ADOPD-Instruct: A Large-Scale Multimodal Dataset for Document Editing

27 Sept 2024 (modified: 05 Feb 2025)Submitted to ICLR 2025EveryoneRevisionsBibTeXCC BY 4.0
Keywords: document editing, multimodal dataset, empirical study
TL;DR: We introduce a large-scale multimodal dataset for visually-rich document editing.
Abstract: Visually-rich document editing is a complex multimodal task with a wide range of real-world applications. Despite increasing interest, there is a significant lack of publicly available datasets offering detailed entity-level annotations and step-by-step instructions for the editing process. To address this, we introduce ADOPD-Instruct, a multimodal dataset designed specifically for document editing tasks. ADOPD-Instruct includes visually-rich documents, precise entity-level masks highlighting elements to be edited, and step-by-step edit instructions, targeting both the masking and inpainting processes for text and non-text design elements. ADOPD-Instruct instructions have been carefully curated by human annotators to ensure high quality across the dataset. We conduct extensive evaluations of current Multimodal Large Language Models (MLLMs) and image editing models using various image backbones to assess their performance on document editing. The results reveal substantial challenges: current MLLMs struggle to generate accurate and detailed instructions, while image editing models often fail to follow instructions precisely, particularly with text edits. These findings underscore the limitations of existing models and highlight the importance of annotated datasets like ADOPD-Instruct for advancing this domain. Dataset is available at: https://huggingface.co/datasets/adopd-instruct/ADOPD-Instruct.

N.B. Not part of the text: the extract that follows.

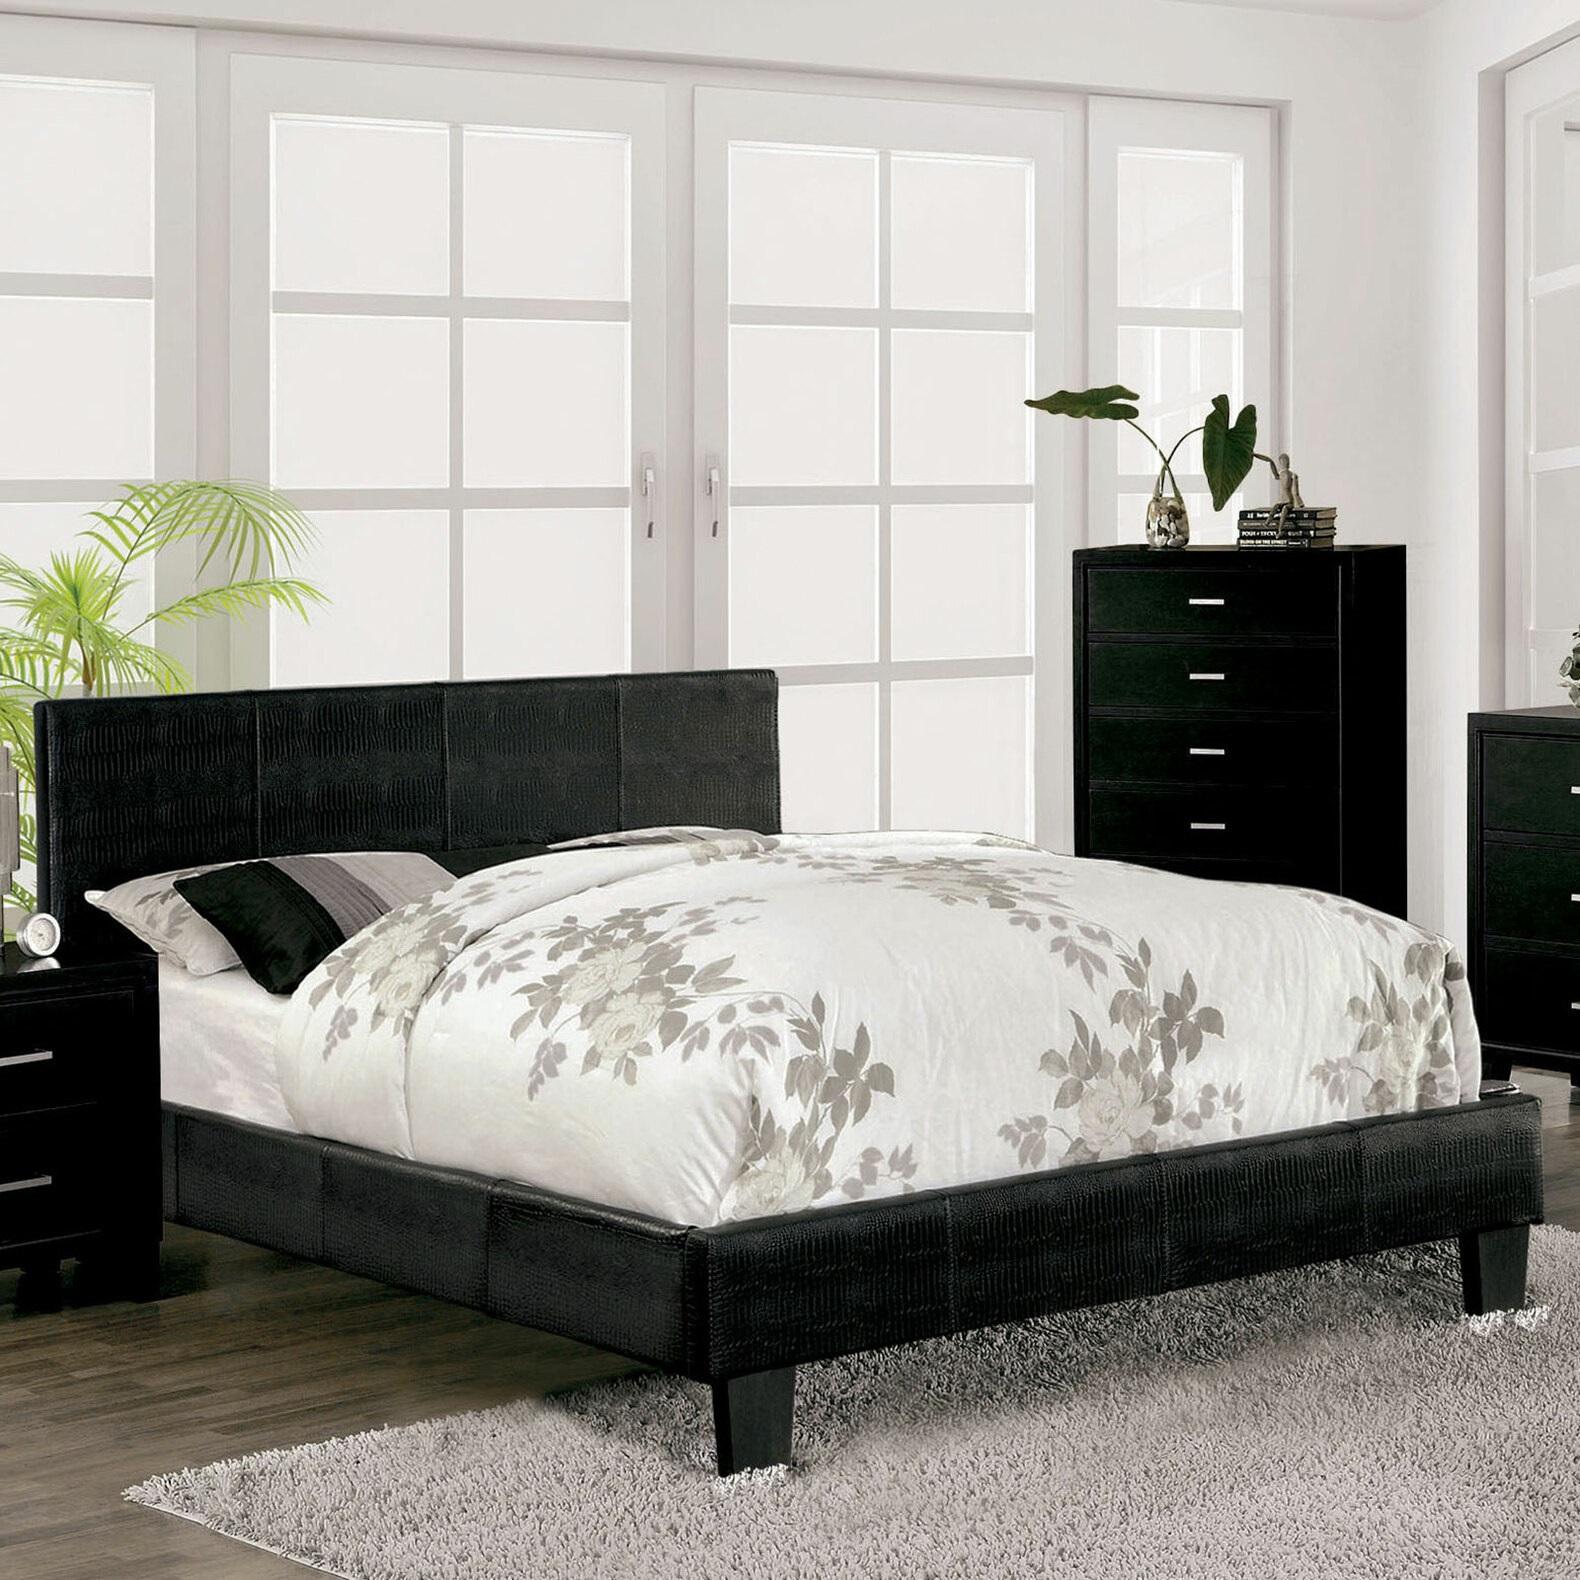 

    
Contemporary Black Solid Wood Queen Bedroom Set 3pcs Furniture of America CM7793BK-Q Wallen
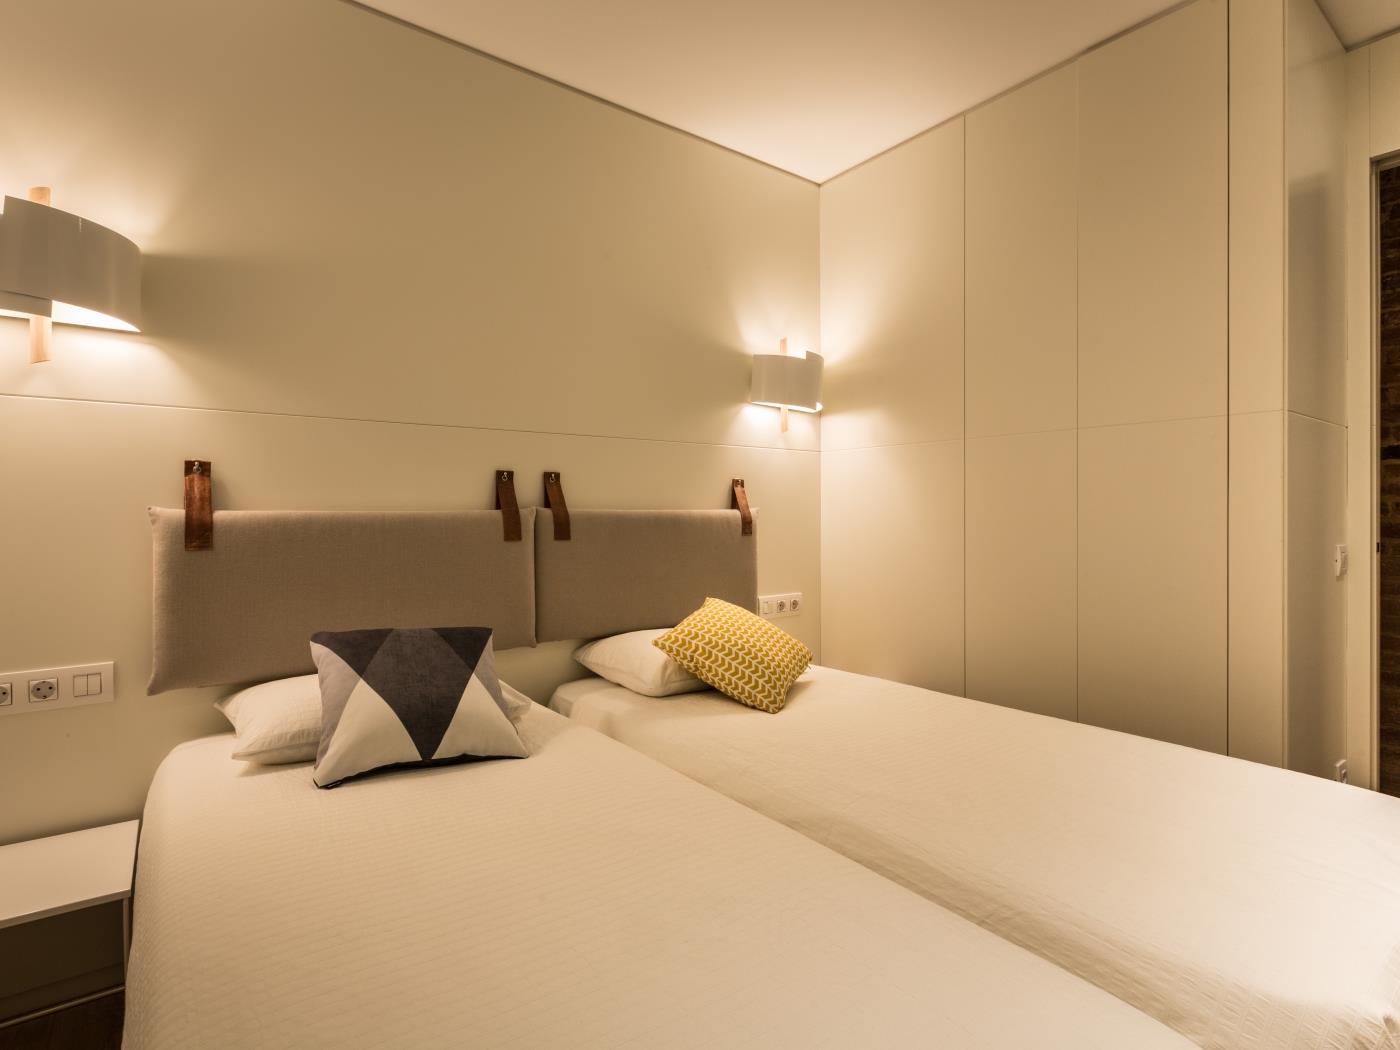 Schöne Wohnung im Herzen von Gracia, voll ausgestattet und möbliert - My Space Barcelona Appartementen

Supplementary Material: pdf
Primary Area: datasets and benchmarks
Code Of Ethics: I acknowledge that I and all co-authors of this work have read and commit to adhering to the ICLR Code of Ethics.
Submission Guidelines: I certify that this submission complies with the submission instructions as described on https://iclr.cc/Conferences/2025/AuthorGuide.
Anonymous Url: I certify that there is no URL (e.g., github page) that could be used to find authors’ identity.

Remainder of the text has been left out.